Stepping back from the ETC confusion

November 17, 2009 in Economics,Finance

Following the lead of an FT article last week, FT Alphaville went exploring ETC's (exchange traded currencies) and noted (emphasis mine):

As for the investor... it means a potential upside scenario of receiving all of the performance of a currency index, for relatively low management fees, but without any interest or dividend (no carry trade here then).

The bold phrase prompted Felix Salmon to wonder how an ETC could "provide exposure to local interest rates" (as stated in the original article), when the follow-up claims there's no interest at all? Felix tracked through various prospecti and documents in search of an answer, but couldn't get a clear description of the ETC's exposure. The closest he came was this, from Morgan Stanley Foreign Exchange (MSFX) indices documentation:

For the Total Return versions of the MSFX Indices based on the deliverable MSFX Currencies, in order to replicate the return of a constant fully collateralized strategy, the related MSFX Index will accrue interest daily at the One-Month T-Bill Rate… Hence, the daily return on the related MSFX Total Return Index will be computed as the sum of the MSFX Currency return and the One-Month T-Bill return.

To which Felix notes:

There certainly doesn’t seem to be any mention of local interest rates there.

And so both Felix and FT Alphaville concluded that despite having currency exposure, these securities can not replicate the carry trade. But this morning, Felix posted that ETC's do in fact have sensitivity to local interest rates and, by extention, the carry trade.

I'm a bit surprised that this has taken so many words and posts to resolve. I think everyone needs to step back and review the basic mechanics of these products rather than go chasing details Here are a few key definitions:

  1. Total return: the return received on an investment, if all distributions (dividends and interest) were reinvested.
  2. Interest rate parity: a theory which equates exchange rates and interest rates. The forward exchange rate is given by the spot exchange rate times the ratio of the two currencies' interest rates. This model can decompose all FX moves into interest rate moves, and vice versa.

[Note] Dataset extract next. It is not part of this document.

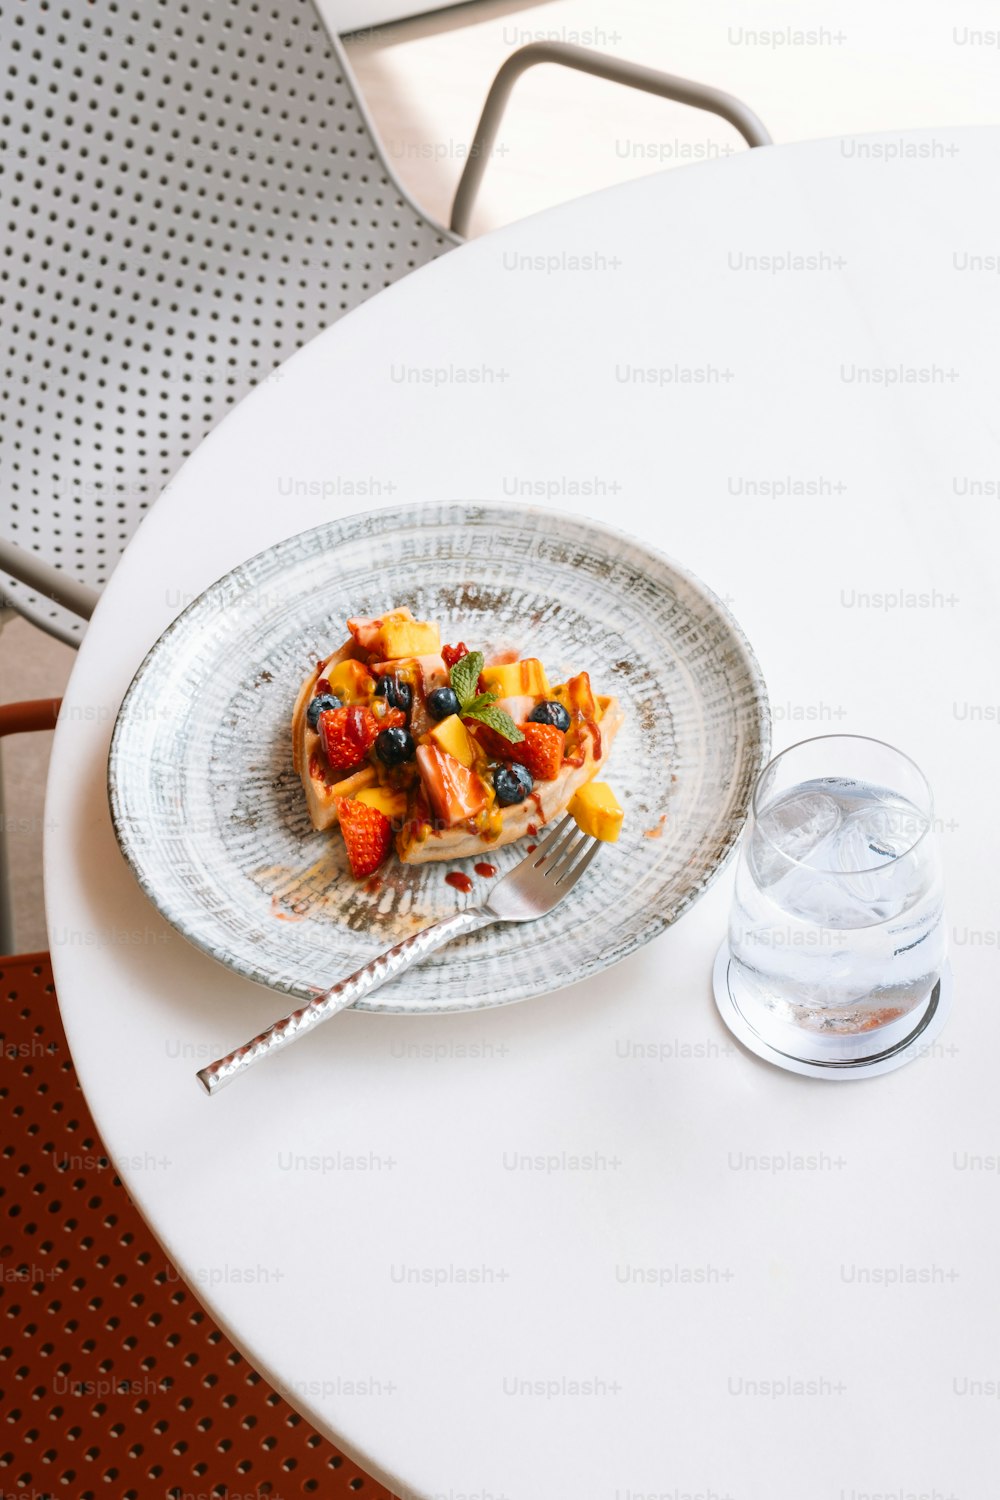 a plate of food on a table with a glass of water
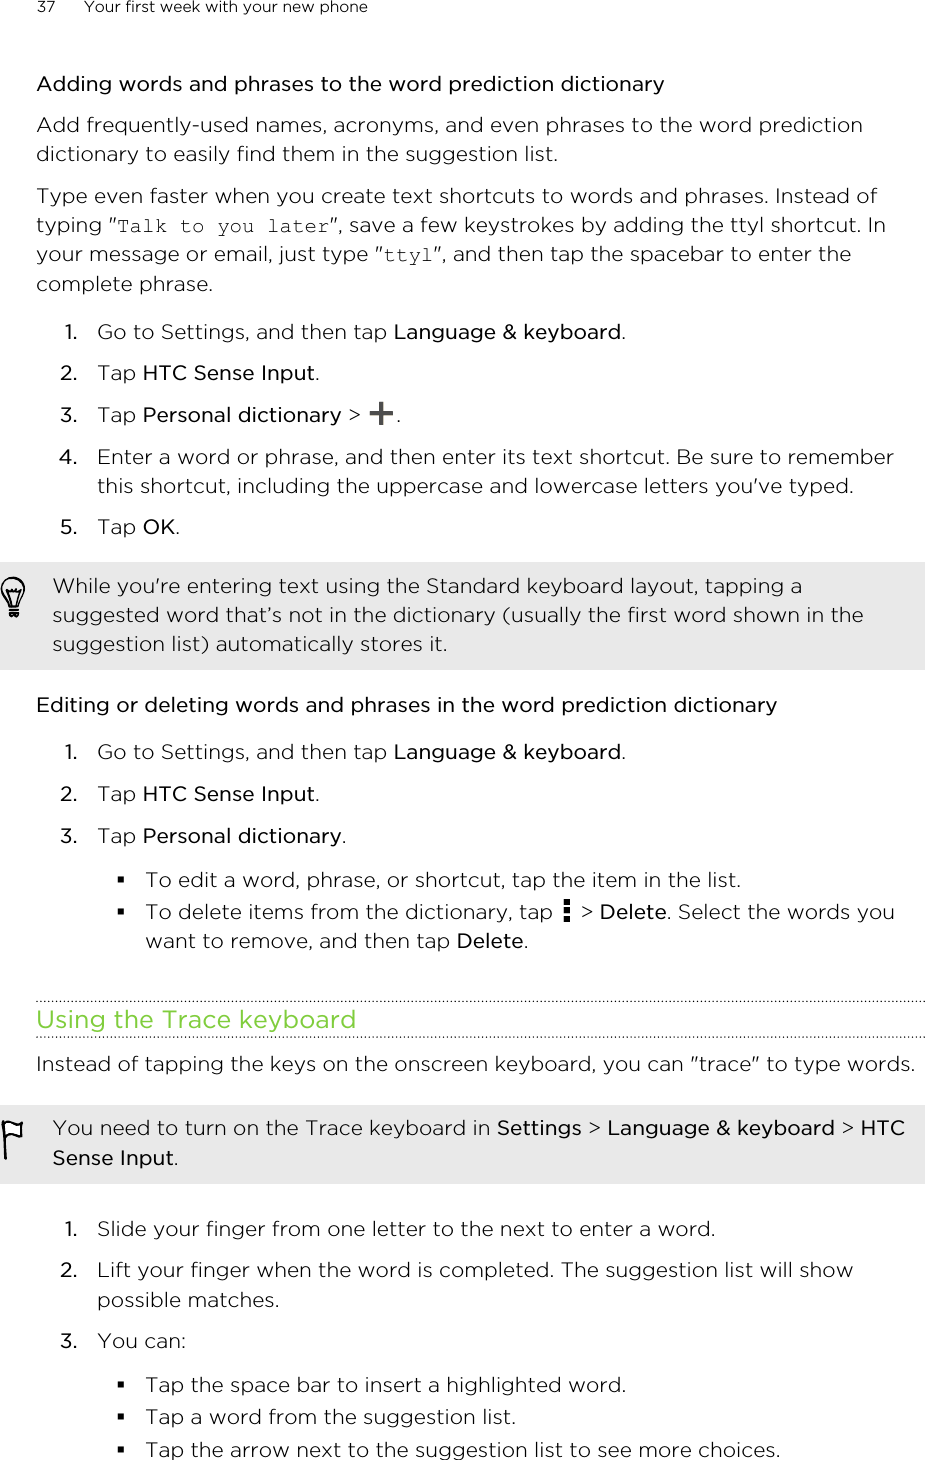 Adding words and phrases to the word prediction dictionaryAdd frequently-used names, acronyms, and even phrases to the word predictiondictionary to easily find them in the suggestion list.Type even faster when you create text shortcuts to words and phrases. Instead oftyping &quot;Talk to you later&quot;, save a few keystrokes by adding the ttyl shortcut. Inyour message or email, just type &quot;ttyl&quot;, and then tap the spacebar to enter thecomplete phrase.1. Go to Settings, and then tap Language &amp; keyboard.2. Tap HTC Sense Input.3. Tap Personal dictionary &gt;  .4. Enter a word or phrase, and then enter its text shortcut. Be sure to rememberthis shortcut, including the uppercase and lowercase letters you&apos;ve typed.5. Tap OK.While you&apos;re entering text using the Standard keyboard layout, tapping asuggested word that’s not in the dictionary (usually the first word shown in thesuggestion list) automatically stores it.Editing or deleting words and phrases in the word prediction dictionary1. Go to Settings, and then tap Language &amp; keyboard.2. Tap HTC Sense Input.3. Tap Personal dictionary.§To edit a word, phrase, or shortcut, tap the item in the list.§To delete items from the dictionary, tap   &gt; Delete. Select the words youwant to remove, and then tap Delete.Using the Trace keyboardInstead of tapping the keys on the onscreen keyboard, you can &quot;trace&quot; to type words.You need to turn on the Trace keyboard in Settings &gt; Language &amp; keyboard &gt; HTCSense Input.1. Slide your finger from one letter to the next to enter a word.2. Lift your finger when the word is completed. The suggestion list will showpossible matches.3. You can:§Tap the space bar to insert a highlighted word.§Tap a word from the suggestion list.§Tap the arrow next to the suggestion list to see more choices.37 Your first week with your new phoneHTC Confidential for Certification HTC Confidential for Certification

FT Alphaville was correct that the ETC's do not pay any interest or dividends. However, because they are total return indices, they were incorrect that this eliminates the carry trade.

Felix was correct that the documentation made no mention of local interest rates, but that's a technicality as he failed to appreciate that interest rates and exchange rates are two sides of the same coin, particularly because total return indices were used in the absence of distributing interest payments.

When you borrow yen to lend dollars, you are earning a dollar interest rate and paying a yen rate; the differential (according to interest rate parity) corresponds to the exchange rate and would normally erase itself if the BoJ didn't keep rates so low. Thus, the return on that yen trade corresponds to the difference between local and domestic interest rates. Finally, adding the T-Bill return on top of the exchange rate return means that the ETC is equivalent to investing in the currencies themselves, interest payments and all. And that's it.